Deirdre Baird,President & CEO of Pivotal Veracity made this post yesterday that I wanted to share. For eveyone that ever wondered about AOL and their inbox process...here is a great overview. www.pivotalveracity.com
Inbox Delivery
- AOL has some of the best filtering around to include the ability to distinguish both legitimate and spam mail and place it accordingly. Across our clients INBOX delivery is 91.7% over the last 60 days. This includes both whitelisted and non-whitelisted mailers, and both acquisition and retention mailings (albeit primarily the latter). The percent in the Spam folder during the same period was a mere 0.1%. When AOL thinks you're a spammer, they first feed you temperrors (soft bounces intended to tax your system), followed by outright blocking. Most our retention-based AOL whitelisted mailers routinely get 98%-100% inbox delivery.
- A tiny tiny fraction of mailers qualified for the Enhanced Whitelist and since its not going away (although the spam complaint threshold is going to 0.1%) its still an option.
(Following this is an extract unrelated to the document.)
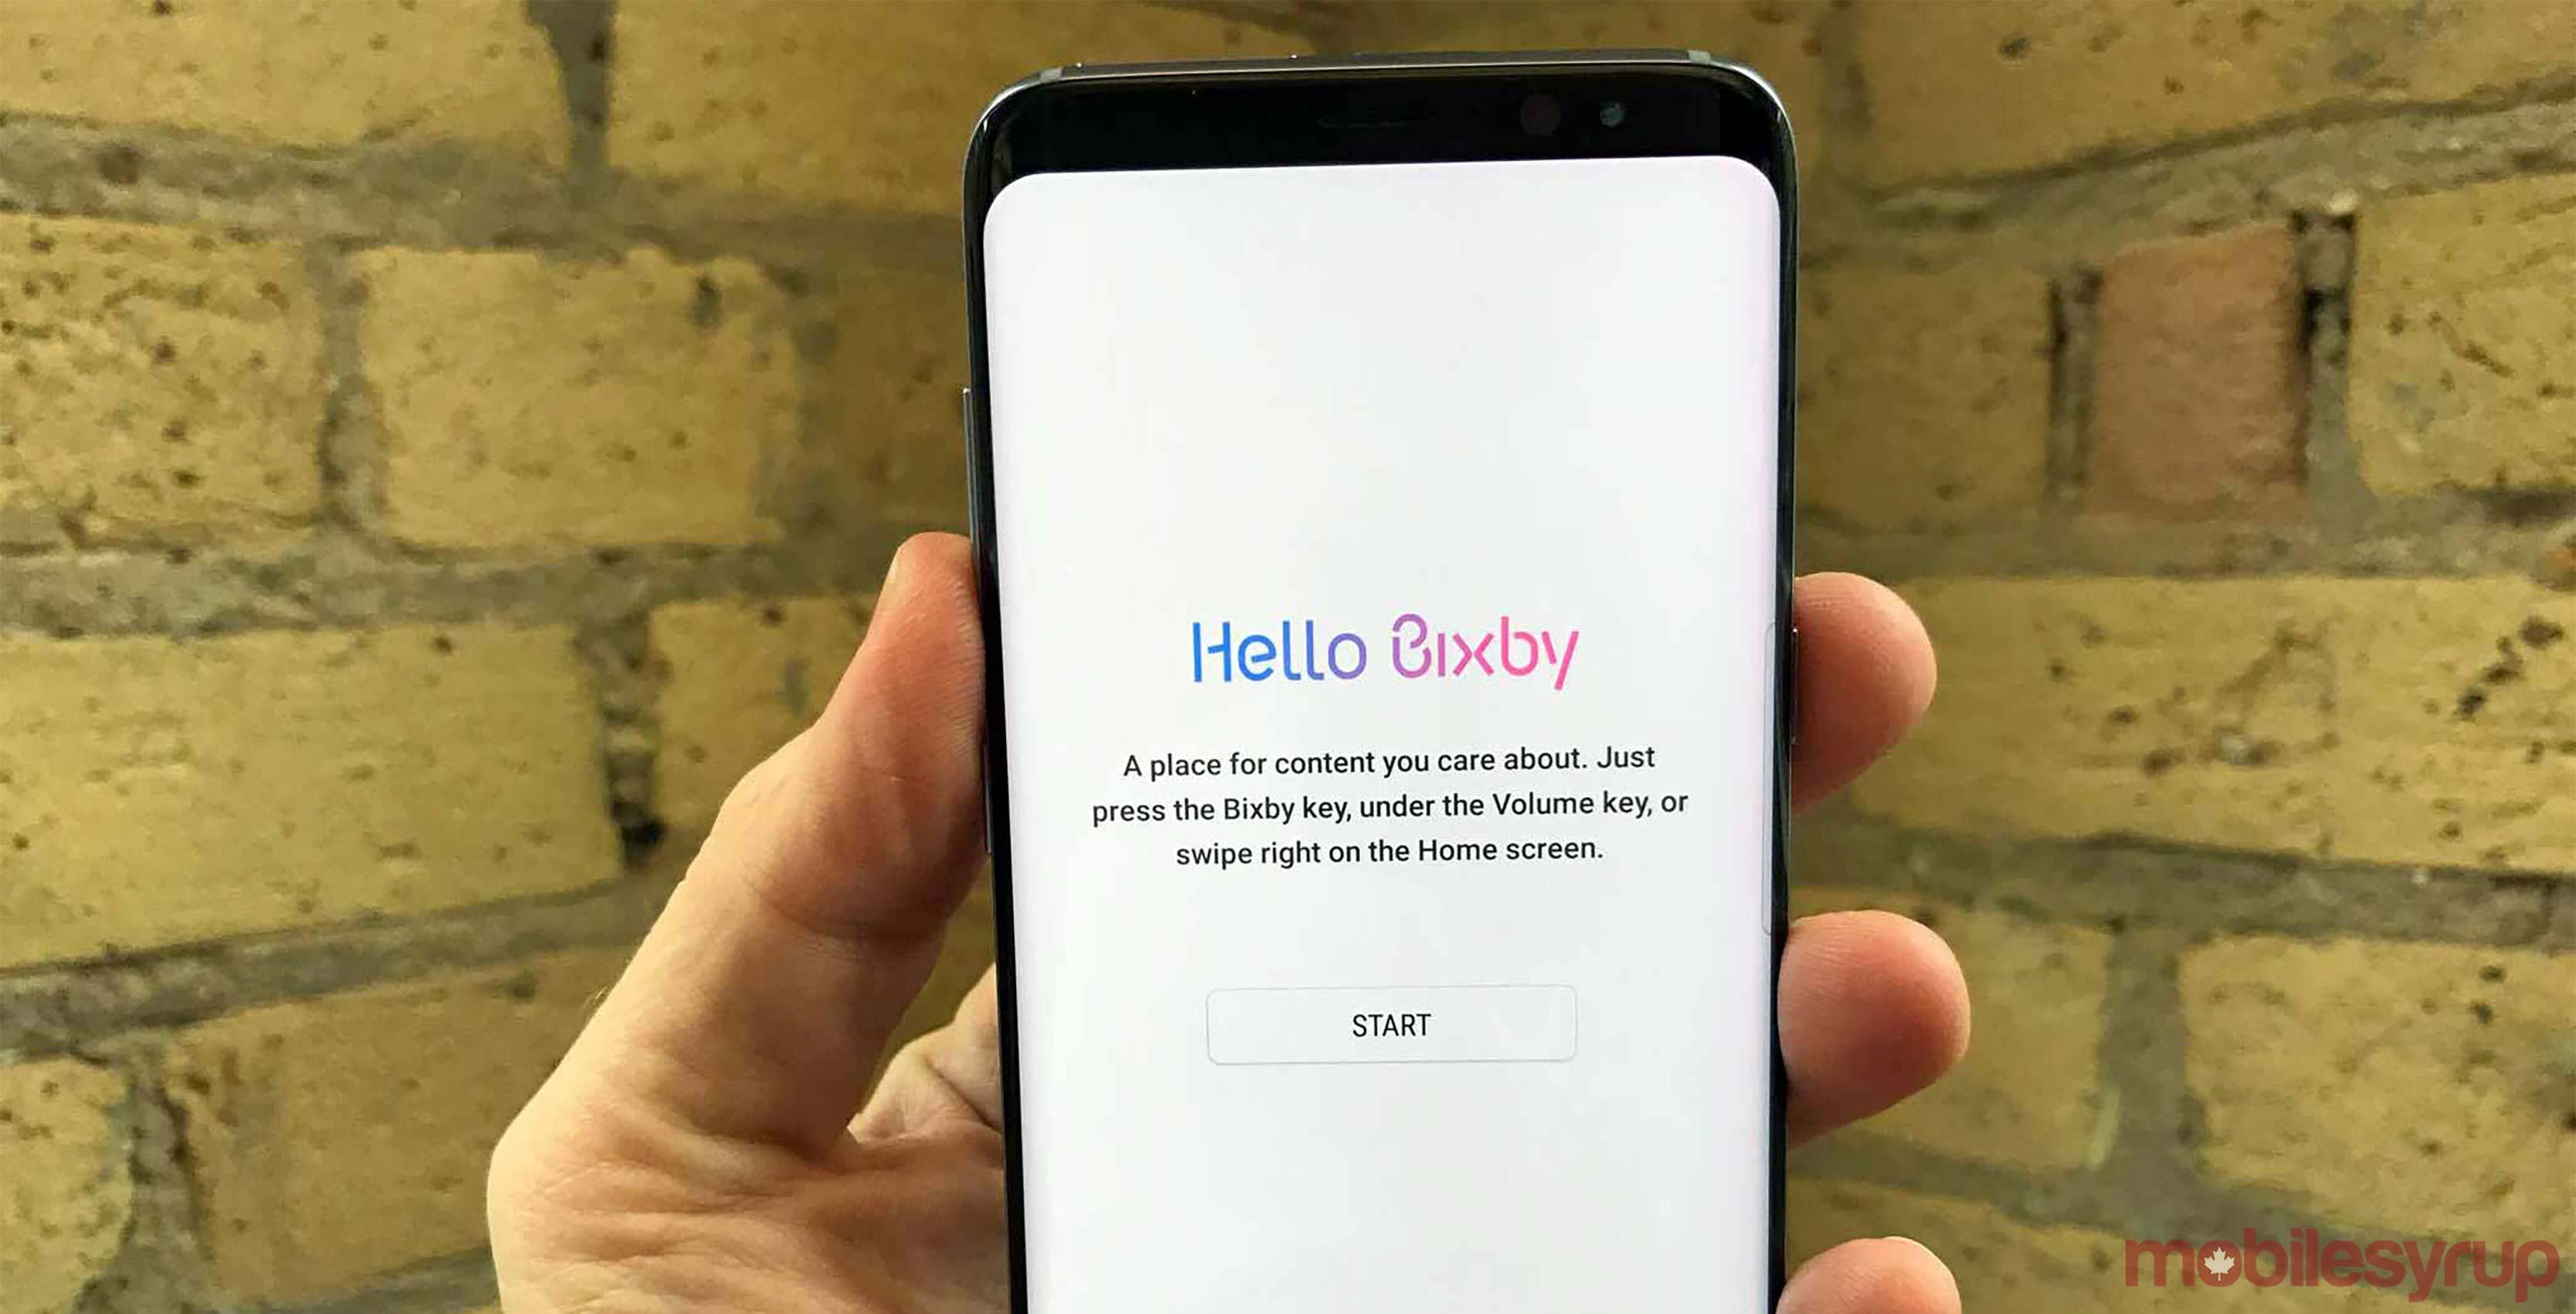 Hello Bixby on smartphone

- Most whitelisted mailers emails - whether on the EWL or Standard Whitelist do go into the inbox. The Standard Whitelist is still extremely important as it allows you to avoid AOL's volume filters which begin when mail exceeds 100/emails per day.
-- Bottom line... a mailers EXISTING inbox Delivery at AOL is NOT going to get worse just because Goodmail Certified Email is around and for legitimate mailers using top-notch ESPs, their delivery is already darn good.
Image Rendering
- AOL has had the same exact treatment of images and links for the last 3 years. In 2002, AOL 8.0 was introduced. AOL 8.0, AOL 9.0 and AOL.com all have images and links OFF by default. This is not changing. The default has been off for years and will remain off.
- There are still 3 NO-cost ways to change the default to ON at AOL. 1) Your address is in the customers address book, 2) you're on the enhanced whitelist, and 3) your customer uses AOL anywhere to imap their message into a desktop client like Outlook 2002 where images are on (and AOL's treatment is not applicable).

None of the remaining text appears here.